Last week, I asked in that way of mine, "will the big tech blogs ever call Tony Hsieh an asshole?"
We have our answer.
No.
Probably he doesn't deserve such a label. If he did, his PR firm will certainly never tell.
The reason I continue to expose the inter-connectedness of the VC funded blogs and the stories, businessses, people and products they focus on is because it reveals what a *non-meritocracy* Silicon Valley has become. The big blogs take the big money from the rich insiders. They promote the myth, build the buzz, and cheer when their latest non-revenue generating venture is purchased for big money.
While you remain some nerdy Jean Valjean hungry for crumbs.
The incestuous, tightly connected relationship between big blogs, serving as PR firms, and venture capitalists, who have become masters of the fast flip, further reveals, dear reader, that there are many gatekeepers you must pay before your grand idea or wonderful business gets the press it so richly deserves.
As I've said many times: there is a reason why rich insiders fund the big tech blog media sites -- despite the fact that they will *never* earn a acceptable payout on their investment.
Because they are getting paid in so many other ways.
In my post last week, I noted that Tony Hsieh, head of Zappos, before he sold it to Amazon, is an "investor" in PandoDaily.
He also employs PandoDaily's founder's spouse.
A writer for PandoDaily is launching an online magazine. With funding from Mr Hsieh. Possibly, all its funding.
Mr Hsieh's *other businesses* are "paid sponsors" of this funded online magazine.
That buys a lot of good press. Literally.

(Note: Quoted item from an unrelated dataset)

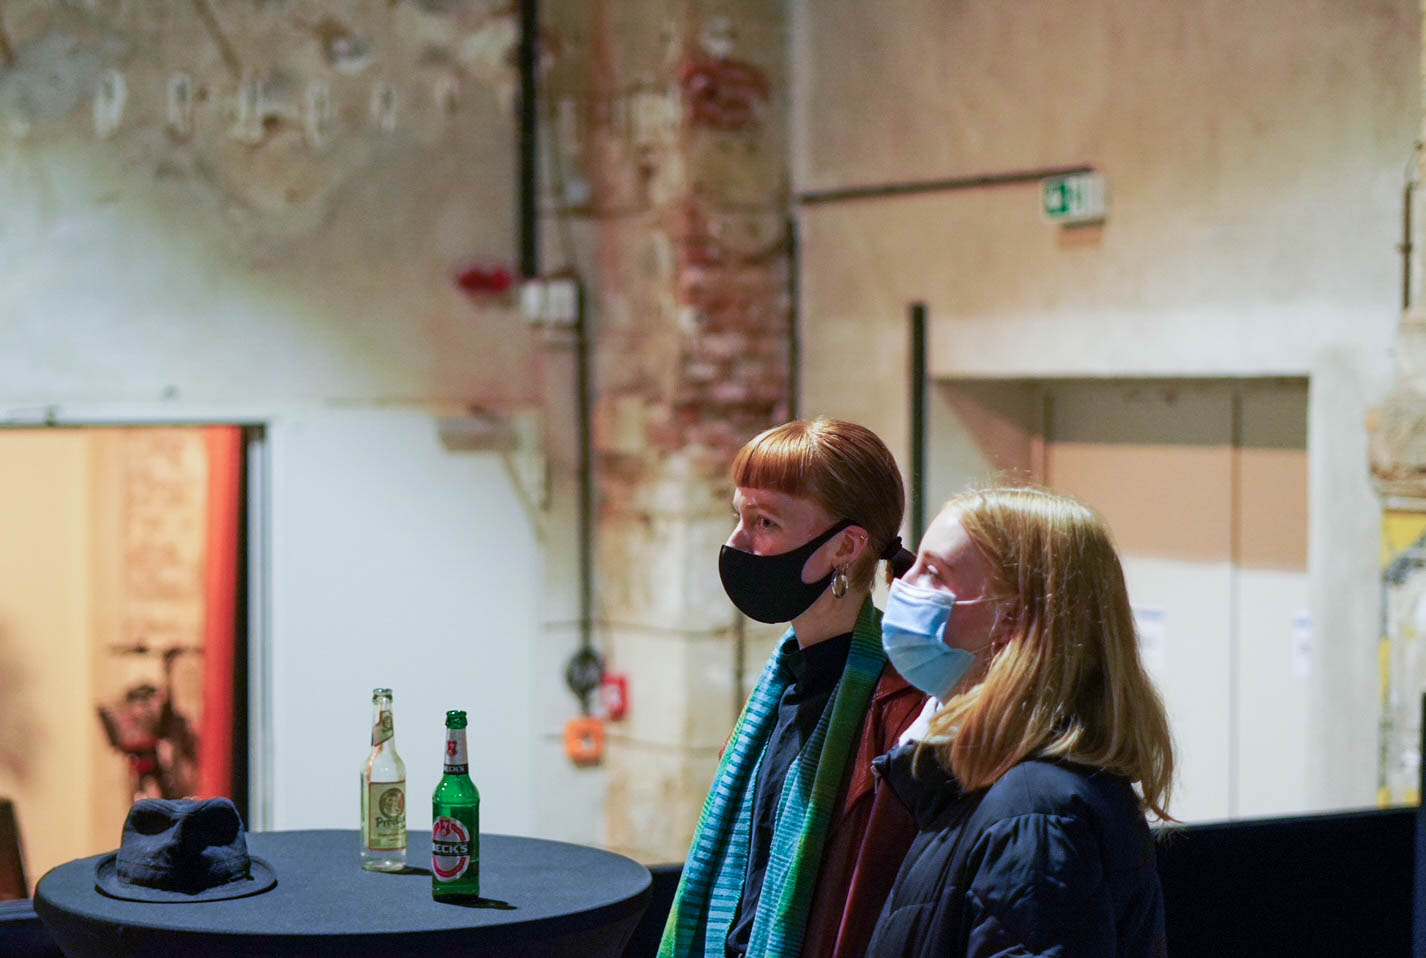 Solo-Show-vernissage-PK-at-Kunstkraftwerk-Leipzig-Germany-2020-photo-by-Tom-Gallmann-4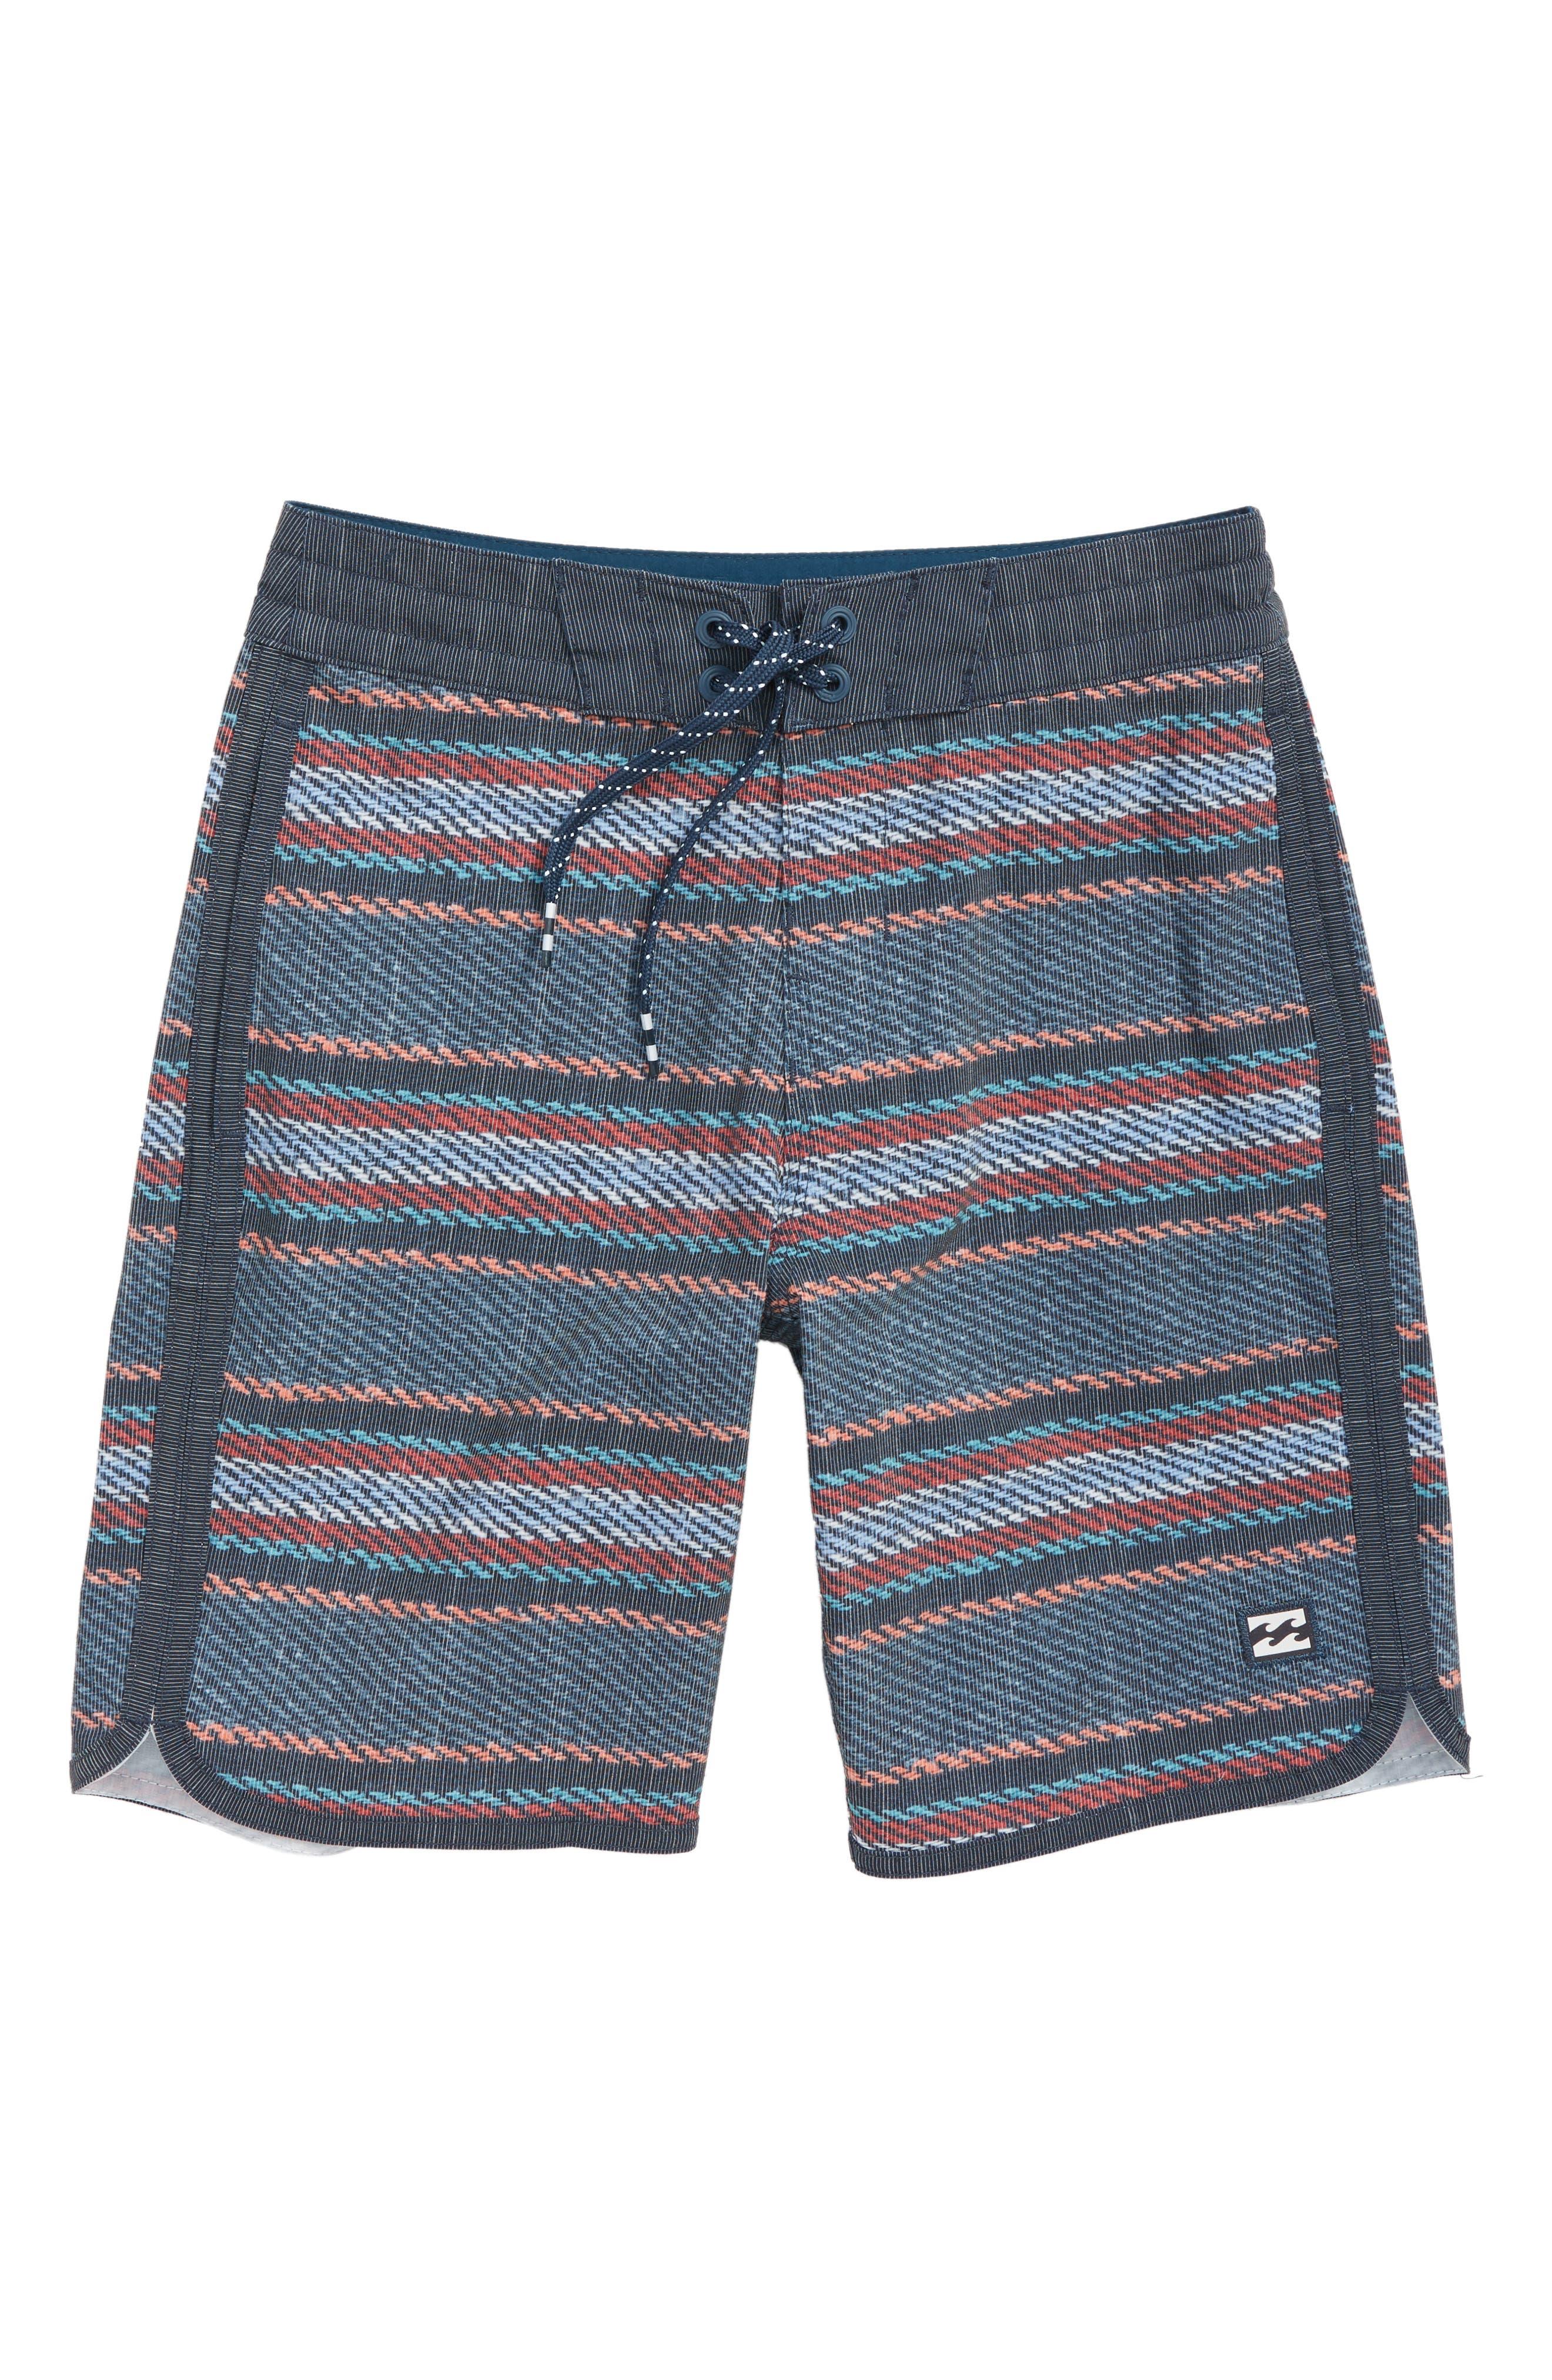 f2de5c29f5fa5 Billabong - Boys' Swimwear and Beachwear

Today, in PandoDaily, from the founder:
She was, of course, talking about Zappos, and it was clear by listening to the ensuing conversation that this woman works at Zappos for one big reason. It’s not the discounts on shoes or the crazy headquarters with different noisemakers on every aisle or the almost cultish, feel good all hands meetings. It’s because she’s insanely, ridiculously proud to work at the place that made insanely expensive customer service that almost no company could justify into a $1 billion exit. She lives her life looking for reasons to brag about that very fact to complete strangers.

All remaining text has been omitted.